I’m glad you’re sticking with it, because this chapter and the next are going to be for you -a lot of important things will be revealed as we approach the midpoint of the book, and I think (hope) you’ll find what you’re looking for. As I said above, I dint want this to be a big wank like Lost so I’m trying to make an interesting but reasonable story arc. This set of chapters is a big part of the setup for that.
–M
You know… My first reaction was also “The hell? Are there no one curious enough just to check if the snow is real?”
But then again… They are all military. So from their wiev if something is curious and shiny = 99% it’s a booby trap. Do not touch.
Besides… all they have to shut those locations from their base is internal doors. And they are not likely to be designed to survive anything serious. So IF there is something hostile out there – it’s safer not to show yourself.
So it’s definately proper that they are not performing any scientific tests.
((And the closes thing they have to science is a medbay… amd it is currently busy examining Sarah… Planty of test to perform))
A little fuzz won’t scare me away.
It just got more more mysterious, I cant go without knowing whats happening!
But why Is the Colonel soo cool about “the thing”? I dont think his experence and training could help to be lees impressed.
Considering Zaballa and he orchestrated the mass murder of millions a little crazyness won’t scare or impress him.
Not to mention that he’s seen some pretty crazy stuff in his time.

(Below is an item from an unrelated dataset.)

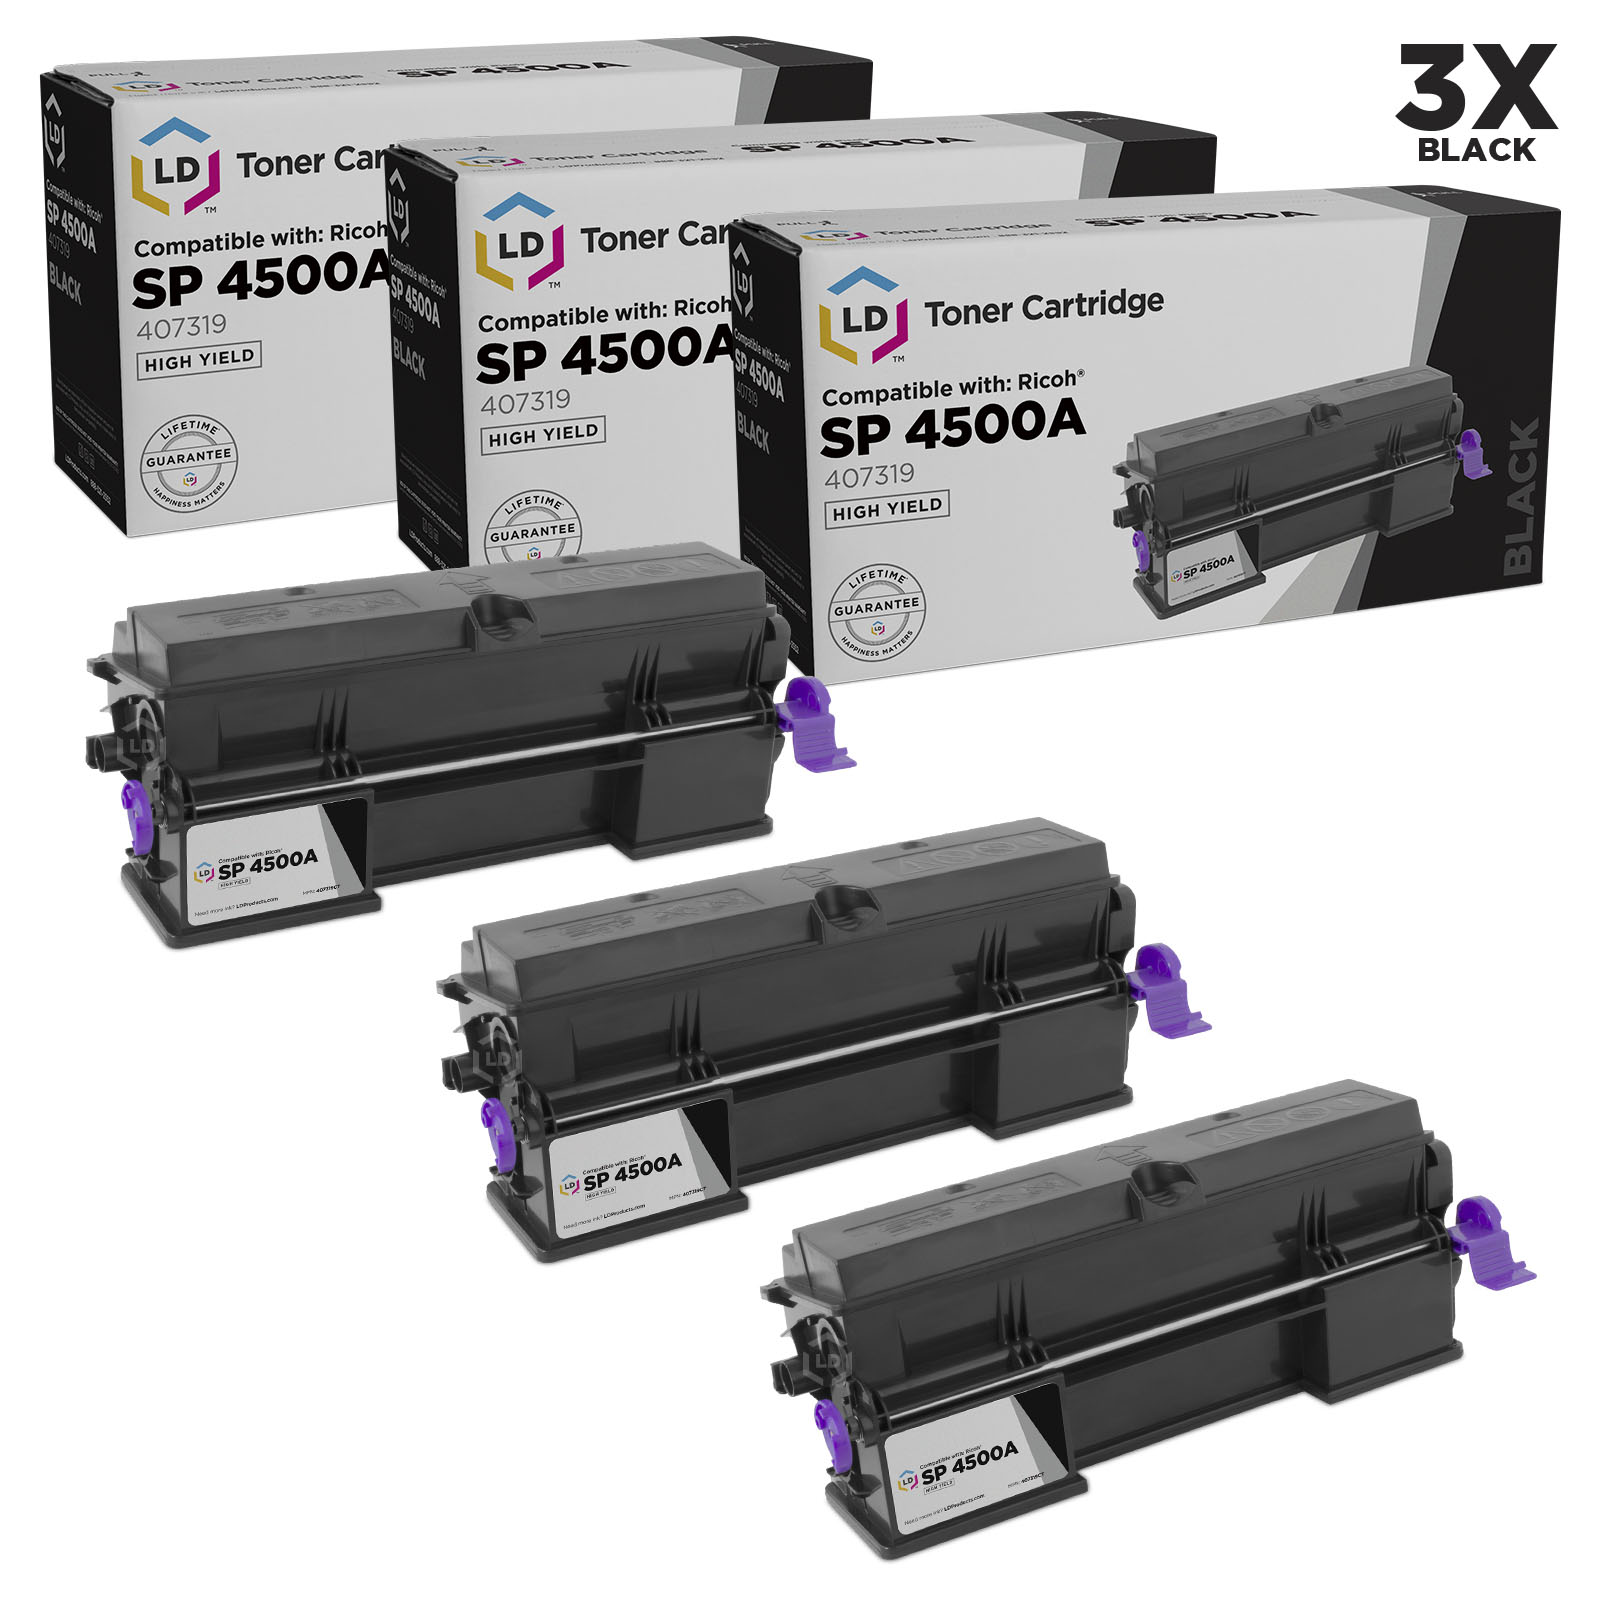 LD Compatible Ricoh 407319 / SP 4500A Set of 3 High Yield Black Toner Cartridges for use in SP 3600DN, SP 3600SF, SP 3610SF, SP 4510DN, SP 4510SF & MP 401SPF (6,000 Page Yield) - image 1 of 2

There was Singapore… but well, we’ll get into that later, perhaps.
–M
“You are entering the vicinity of an area adjacent to a location. The kind of place where there might be a monster, or some kind of weird mirror. These are just examples; it could also be something much better. Prepare to enter: The Scary Door.”
“You’re entering a realm which is unusual. Maybe it’s magic, or contains some kind of monster… The second one. Prepare to enter the Scary Door.”
“You’re on a scenic route through a state recreational area known as the human mind. You ask a passer-by for directions, only to find he has no face or something. Suddenly up ahead, a door in the road. You swerve, narrowly avoiding The Scary Door.”
“Imagine, if you will, a three by seven inch wooden frame — a frame that’s a gateway to a world of imagination. Wipe your mind on the welcome mat. You’re about to enter The Scary Door.”
“Imagine, if you will, an announcer you can barely understand. He refers to a [mutters], but you’re not quite sure what he said. He seems to be eating something, or perhaps he’s a little drunk. It’s remotely possible that he just said something about the Scary Door.”
“You’re taking a vacation from normality. The setting: a weird motel where the bed is stained with mystery. And there’s also some mystery floating in the pool. Your key card may not open the exercise room because someone smeared mystery on the lock. But it will open the Scary Door.”
0_o
Well, hey, it is science FICTION, after all. As a scientist, I love the fiction! Even if you reverse the emphasis, giving up in disgust at every mind-blowing phenomenon would get us nowhere fast.
It is fiction, yes, but I’m trying hard to maintain my internal consistency here, anyhow. Glad you’re sticking with it, anyway!
–M
I can still comprehend things, so it’s not weird enough! >:(
Note to self: make comic weirder…
😀
–M
What the fu… Mike, what did you do?!